Edgar Allan Poe Vs. Charlotte Perkins Gilman Essay, Research Paper
Edgar Allan Poe and Charlotte Perkins Gilman were both successful in making the objects of their stories, “The Tell-Tale Heart,” and “The Yellow Wallpaper,” form their own identities, and even points of reason, through their use of syntax, point of view, and personification.
The authors use major characters in the first person participant to narrate both stories, which supports the unreliable narrator. This enhances the story by giving the reader added insight into a subject that he or she is less likely to understand or relate to. Had the story had been told through any other point of view, the reader would not have gotten as clear of a picture as to exactly what is going on in the minds of each character; especially since craziness is not necessarily a quality that everyone can relate to. The unreliable narrator also adds and edge to the stories. Since the author had established, or should I say destroyed, the narrators’ credibility, it adds mystery and room for questions in the reader’s mind, a guessing game.
In Poe’s “Tell Tale Heart”, he addresses the audience directly. “You fancy me mad. Madmen know nothing. But you should have seen me” (34). Poe also intensifies the narrator’s emotions by the use of first person. “Never before that night had I felt the extent of my own powers- of my sagacity. I could scarcely contain my feelings of triumph” (34-5). Near the story’s end, the narrator’s thought pattern begins to reflect his paranoia. “They heard! -They suspected! -They knew! -They were making a mockery of my horror! -this I thought, and this I think” (37).
Gilman’s narrator writes to herself, as in a dairy, of “dead paper” (470). With each entry, her thoughts grow more and more abstract, as she begins to believe more in her allege illness. At the beginning of the story, her thought pattern is still rational but somewhat disoriented. “I take phosphates or phosphites- whichever it is- and tonics, and air and exercise, and journeys, and am absolutely forbidden to ‘work’ until I am well again” (470). Again, the first person narration brings us, the reader, closer to the narrators’ images, and her delusional. “I have watched John, when he did not know I was looking, in come into the room suddenly on the most innocent excuses, and have caught him several times looking at the paper and Jannie too. I caught Jennie on it once” (477).

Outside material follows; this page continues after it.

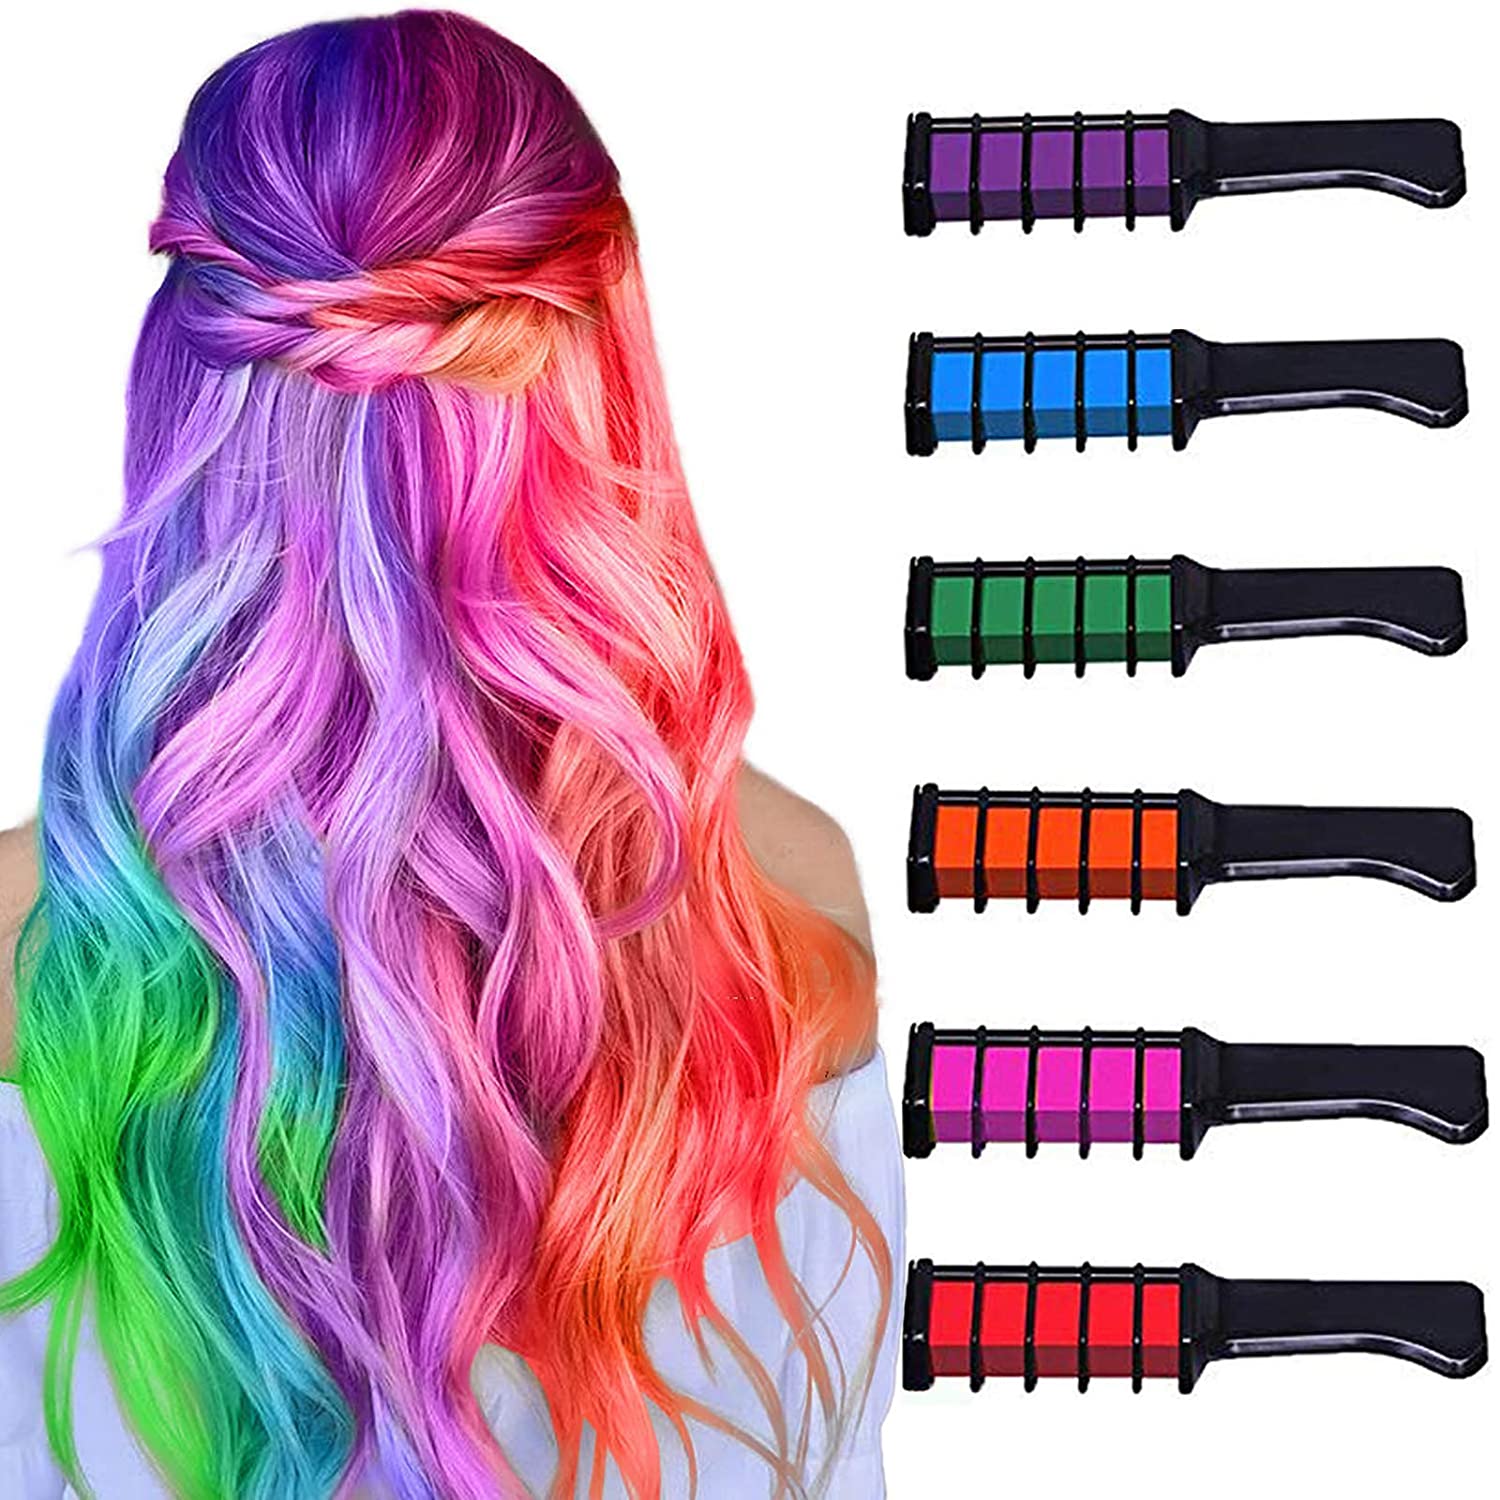 6 Farben Haarkreide Kamm, LauCentral Temporär Haarfarbe Kreide Kamm Auswaschbar mit Handschuhe und Schal für Geschenk DIY Cosplay

The narrator’s use similar syntax to bring the readers deeper into their thoughts. The choppy sentences and complex str
“Tell Tale Hearts” immediately introduces the characters scattered and neurotic thought process. “True! – Nervous- Very, very dreadfully nervous I had been and am; but why would you say I am mad?” (34). Poe’s syntax truly parallels his characters attitude. Along with syntax, the author uses parallelism to drill his character’s thoughts into the reader. “Oh God! what could I do? I phoned- I raved- I swore!” (37).
Where as Poe writes his entire story using frazzled syntax, Gilman uses it to show her characters progression of her illness. She begins, “it is very seldom that mere ordinary people, like John and myself, secure ancestral halls for the summer” (469). The narrator tone is calm and chatty. As the story progresses, the narrator begins to ‘tire out’, and her sentences become shorter and simpler as a result. “I pulled and she shook. I shook and she pulled, and before morning, we pulled off yards of that paper” (479).
Personification is defined as a figure of speech in which inanimate objects or abstractions are endowed with human qualities or are represented as possessing human form (http://www.dictionary.com). That is exactly what both Poe and Gilman use to bring the objects of their stories to life.
The narrator of “The Tell-Tale Heart” describes the eye around which the story revolves, as a “vulture,” and the “Evil Eye,” In reality, it is only a glass eye, “all a dull blue, with a hideous veil over it” (34-5). Throughout the story, the narrator makes it clear to the audience that he has nothing against the man himself, but only his eye.
“The Yellow Wallpaper” revolves around just that- yellow wallpaper. But, to the narrator, the paper takes on shapes, and eventually a life, of its own. “In the places where it isn’t faded and where the sun is just so- I can see a strange, provoking, formless sort of figure that seems to skulk about behind that silly and conspicuous front design” (473). Unlike Poe’s eye, Gilman uses the wallpaper as a symbol of her main character.
Although the two authors have very similar styles of writing and techniques to convey a unique sense of mental instability, their pieces have their differences, which include the comparison of violence to larthargia, which most likely comes from the authors personal writing background.